In one typical news cycle, the administration leaked damning evidence that Iraq was acquiring materials for nuclear bombs to Judith Miller, who reported it breathlessly on the front page of The New York Times. On Meet the Press later in the day, Vice President Cheney said “we do know with absolute certainty” that Saddam was procuring nuclear weapons material and he cited the Times as independent verification. “There’s a story in the New York Times this morning. . .and I want to attribute it to the Times,” he said. If Bush and the New York Times were on the same page, who could question it? Everything he and the Times reported that day turned out to be bunk.
The Times’ apologia mentioned the piece and lamented that the article had buried reference to some doubts about the information 1,700 words deep into the story and that the paper had buried on age 17A a follow-up story weeks later that cast serious doubts on it.
The paper only hints weakly at a systemic cause for its failings on the most important story of our time: the reporters’ relationship with officialdom and the newspaper’s unwholesome respect for official authority. It said it should be more questioning of official sources and that it would try to be in the future. The Times has won more than one undeserved Pulitzer for passing on garbage that it should have questioned.

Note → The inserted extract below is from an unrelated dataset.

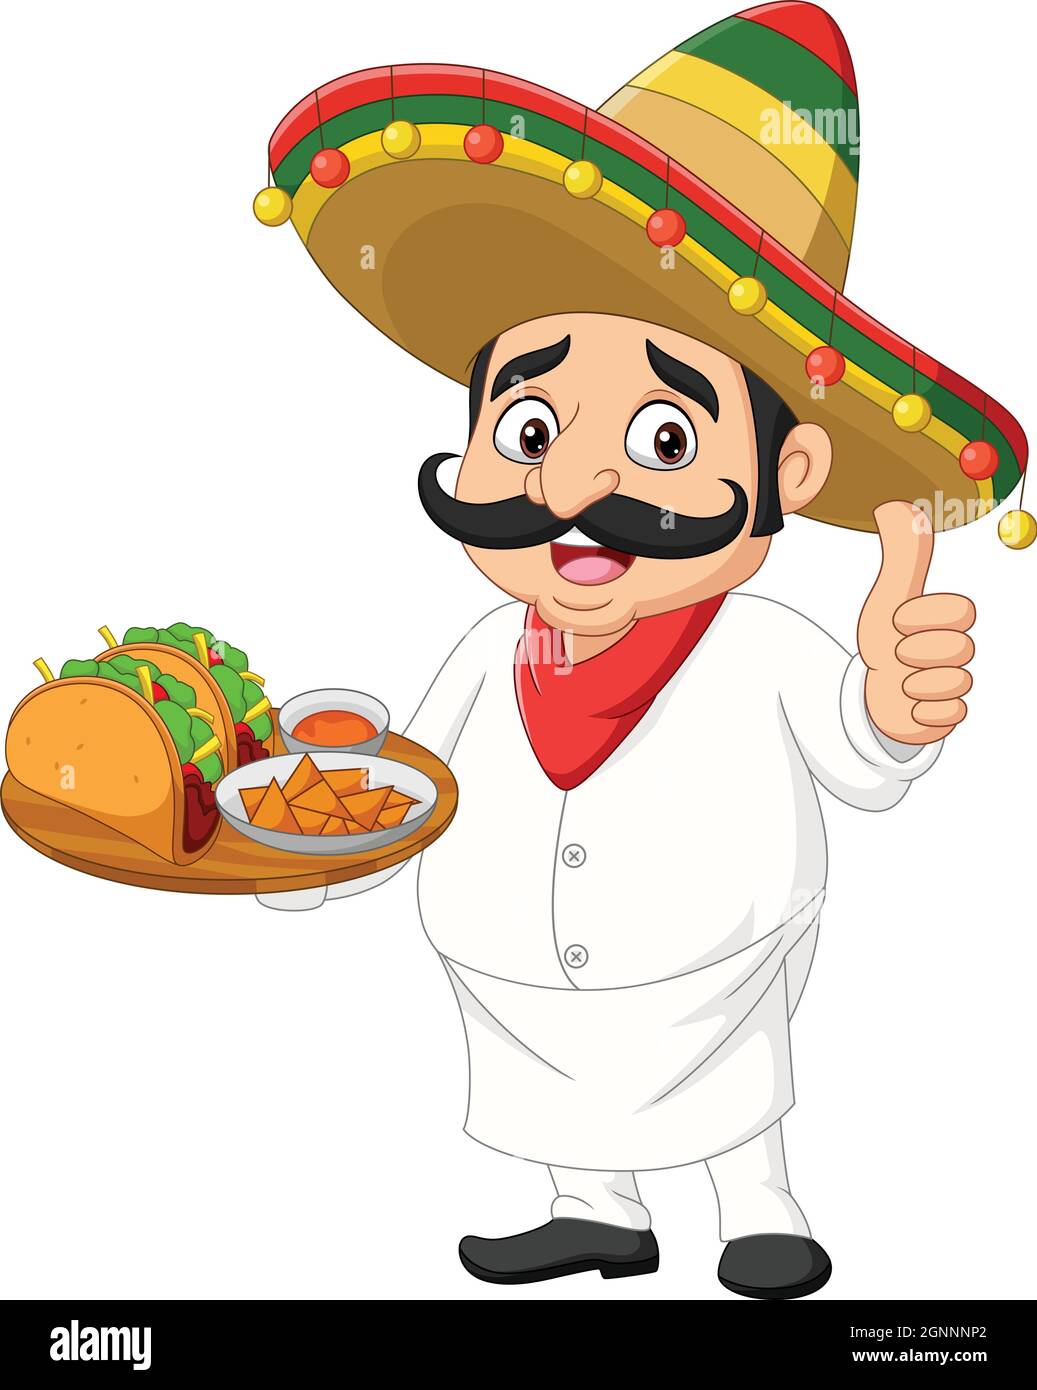 Mexican chef taco cartoon illustration Stock Vector Images - Alamy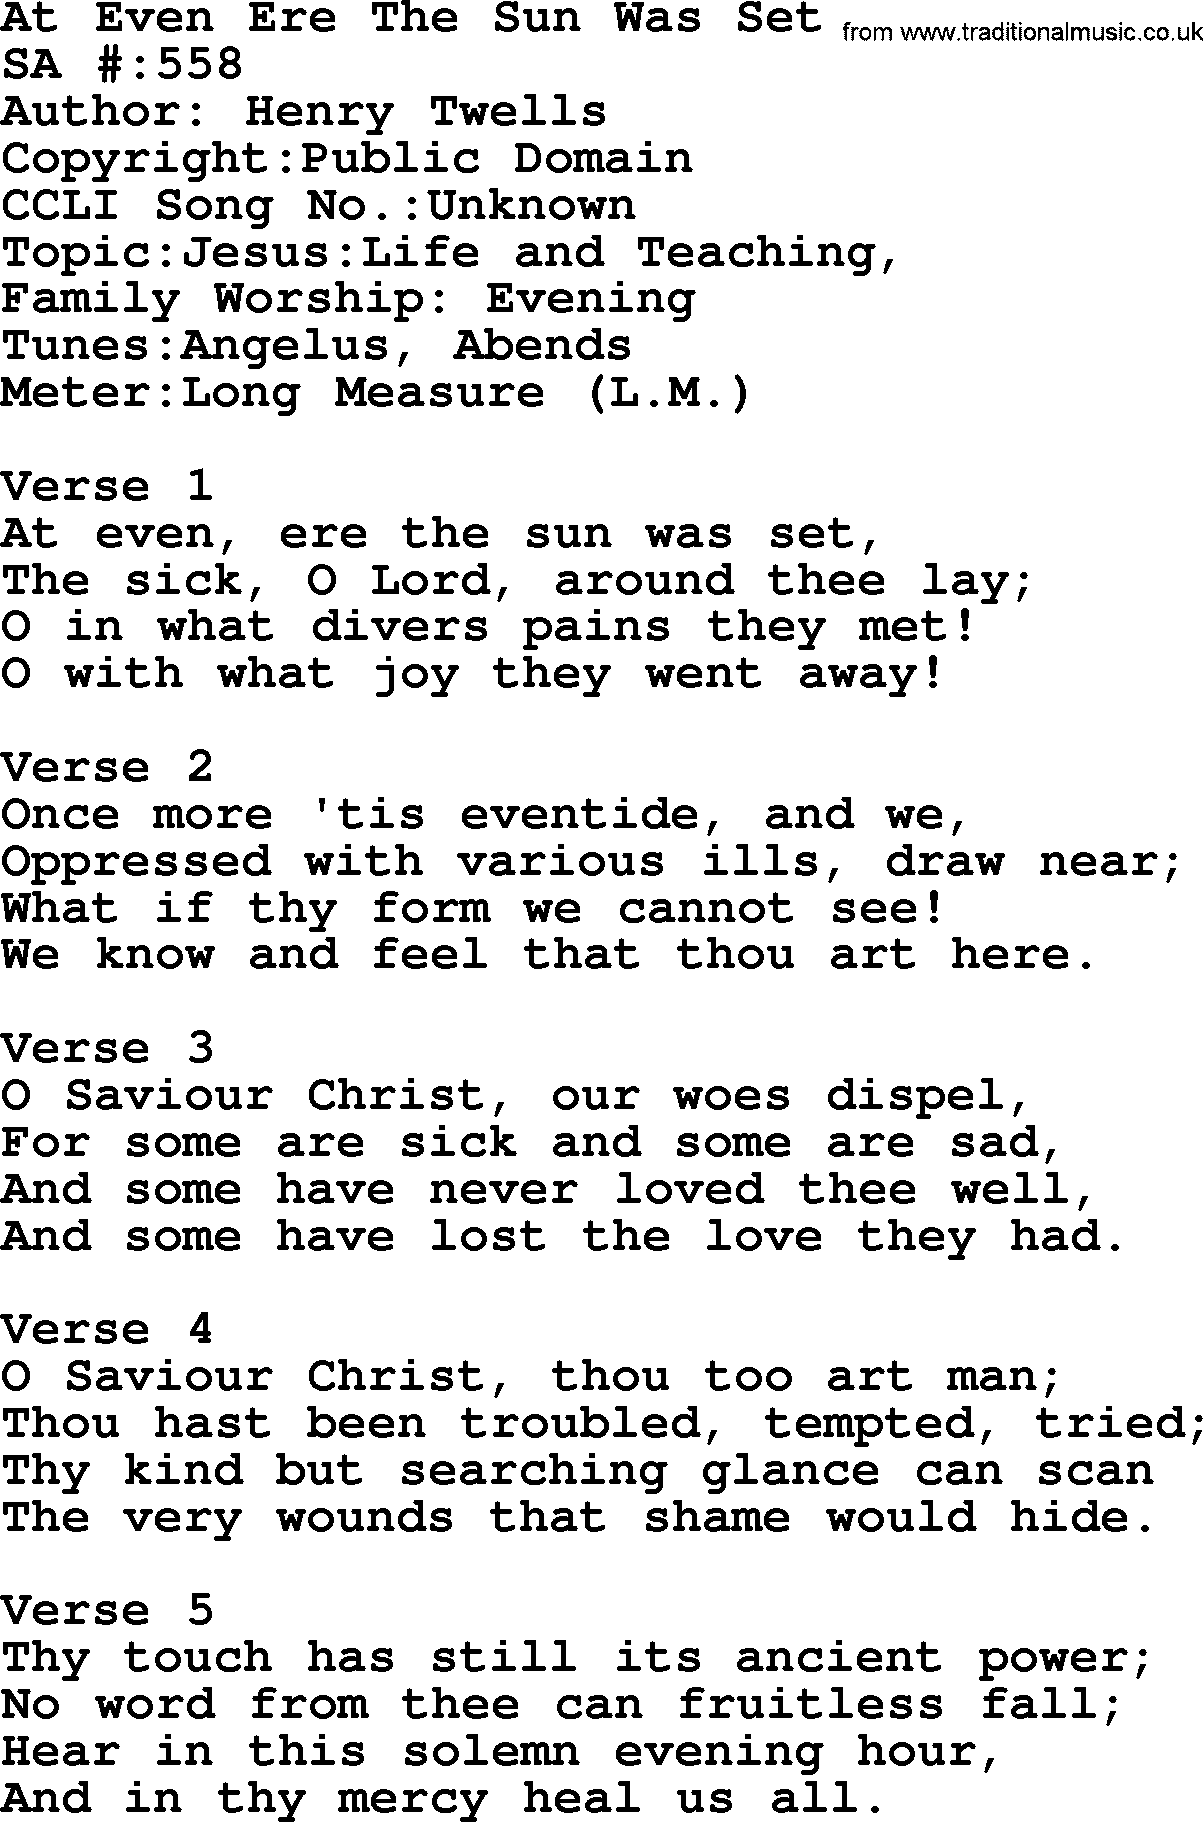 Salvation Army Hymnal, title: At Even Ere The Sun Was Set, with lyrics and PDF,

A couple of years ago the Times had to write a similar mea culpa, this one even more indirect, for its deeply flawed coverage of the alleged conspiracy to pass along nuclear secrets to China. It should have written another one, along with the Washington Post, for their breathless reporting of Whitewater scandals, generally phony leaks from the special prosecutor’s office and from older discredited sources. But they were after more Pulitzer Prizes.
That is the other lesson from this tragedy that again will not be learned. The American media’s insatiable thirst for awards and self-congratulation is not only corrupting but it can cost lives and the country’s honor.